■ **Activity**
This task asks for the lines from the one with "S4 Fair4Music - Information" to the final line below, repeated exactly, with pictures omitted.

■ **Material provided**
Segment Open
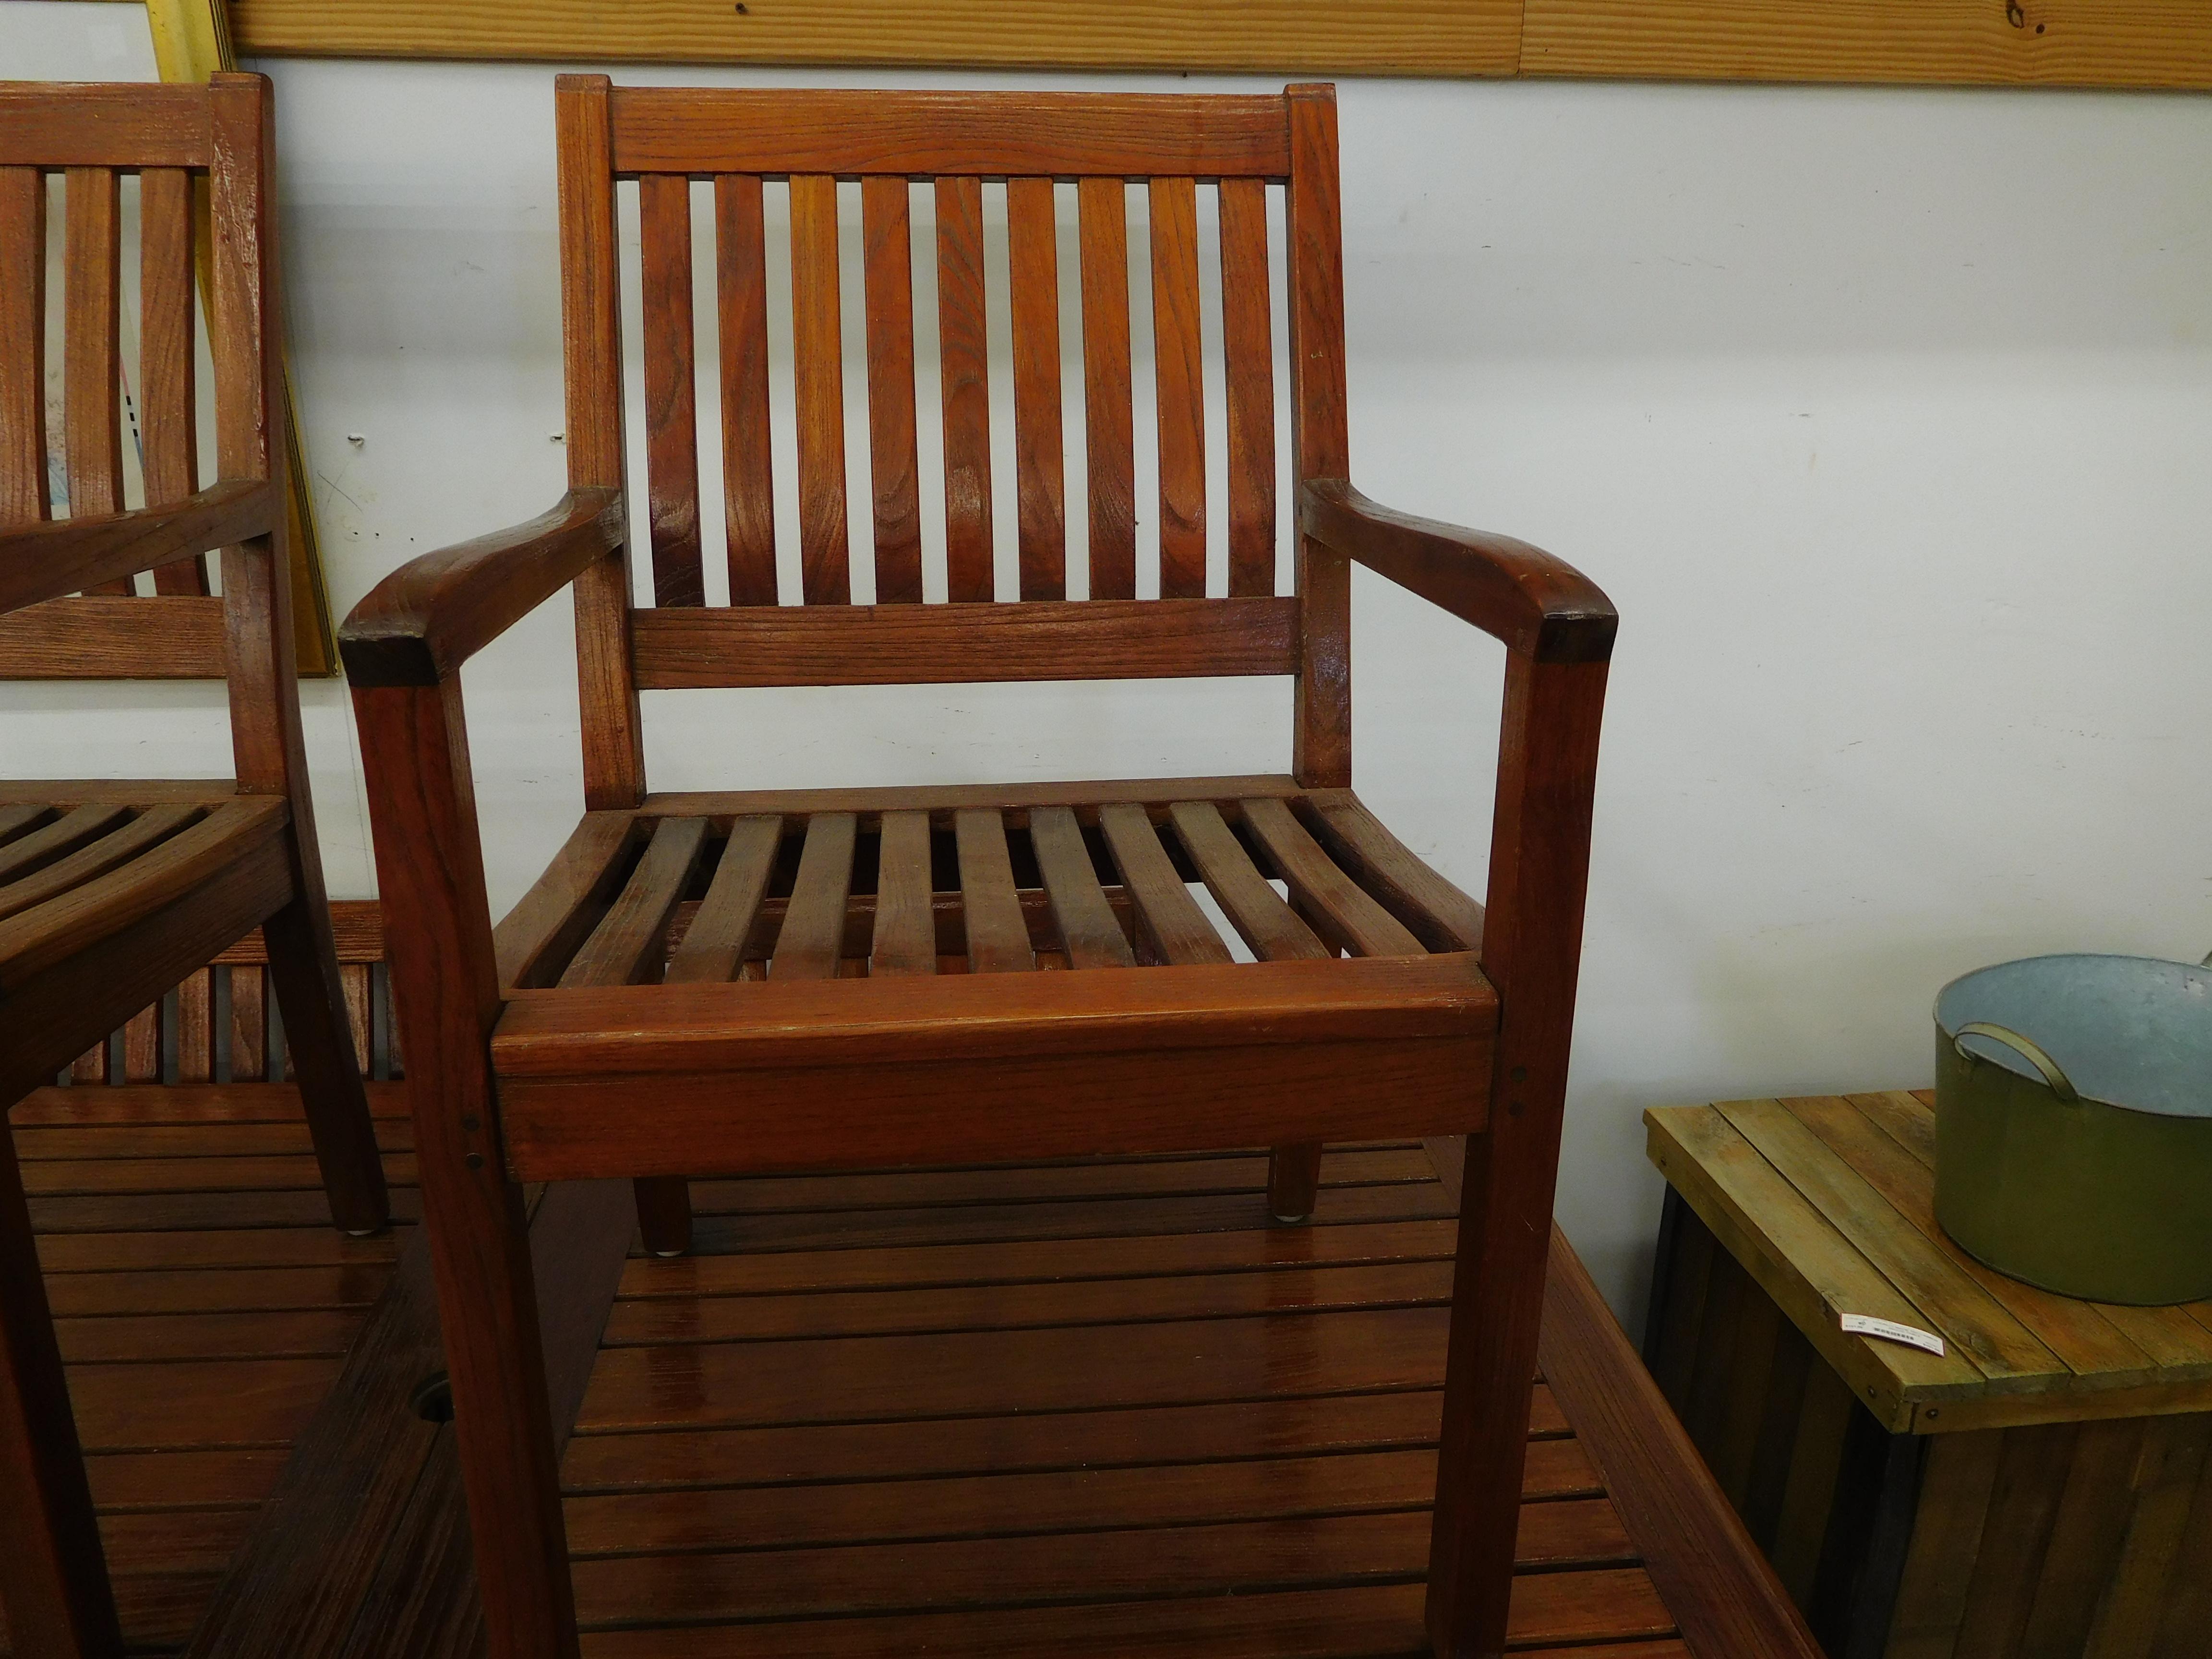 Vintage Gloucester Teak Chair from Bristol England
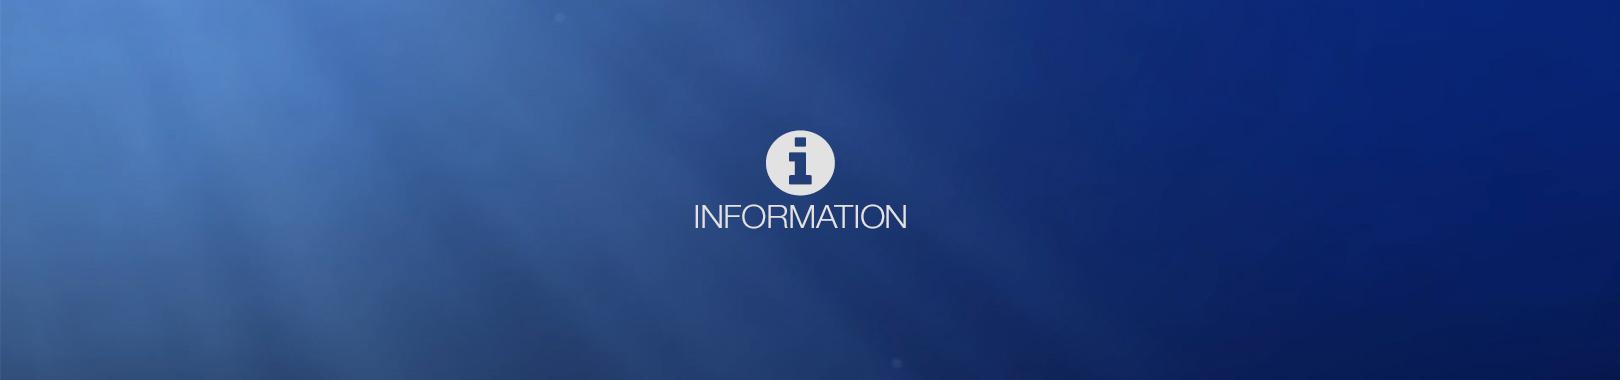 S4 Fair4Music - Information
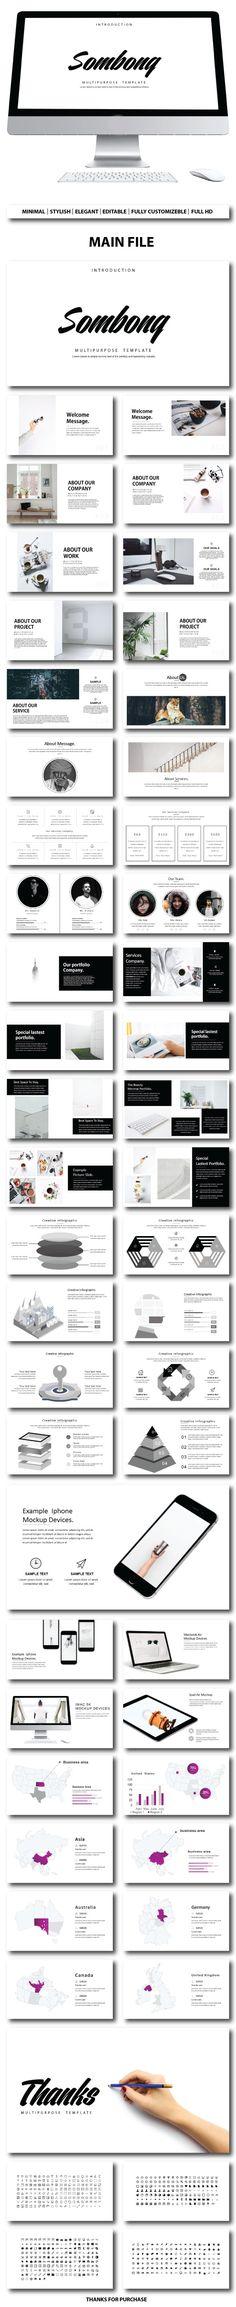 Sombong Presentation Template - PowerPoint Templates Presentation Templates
Segment Closed
■ **Exercise answer**
 S4 Fair4Music - Information
 Sombong Presentation Template - PowerPoint Templates Presentation Templates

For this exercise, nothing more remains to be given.